-- Task requirements --
One range is to be output from the listing below, exactly as written: the line with "Can I Use CBD Oil for My Libido?" to the line with "Gillette Venus Snap", both kept.

-- Data section --
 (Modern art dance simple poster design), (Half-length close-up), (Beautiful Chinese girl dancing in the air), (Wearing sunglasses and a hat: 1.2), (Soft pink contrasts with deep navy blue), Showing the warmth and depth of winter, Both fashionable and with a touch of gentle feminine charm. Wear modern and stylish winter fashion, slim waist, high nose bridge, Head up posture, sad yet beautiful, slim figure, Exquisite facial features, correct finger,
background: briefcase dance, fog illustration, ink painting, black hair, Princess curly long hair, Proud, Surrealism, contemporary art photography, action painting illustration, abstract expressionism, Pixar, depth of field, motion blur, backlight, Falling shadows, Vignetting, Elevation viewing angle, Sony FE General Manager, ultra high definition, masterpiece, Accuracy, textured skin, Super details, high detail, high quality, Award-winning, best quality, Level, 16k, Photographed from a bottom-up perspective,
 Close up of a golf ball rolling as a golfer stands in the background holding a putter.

==

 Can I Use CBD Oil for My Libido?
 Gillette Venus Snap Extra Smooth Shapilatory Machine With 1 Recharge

-- Task result --
 Can I Use CBD Oil for My Libido?
 Gillette Venus Snap Extra Smooth Shapilatory Machine With 1 Recharge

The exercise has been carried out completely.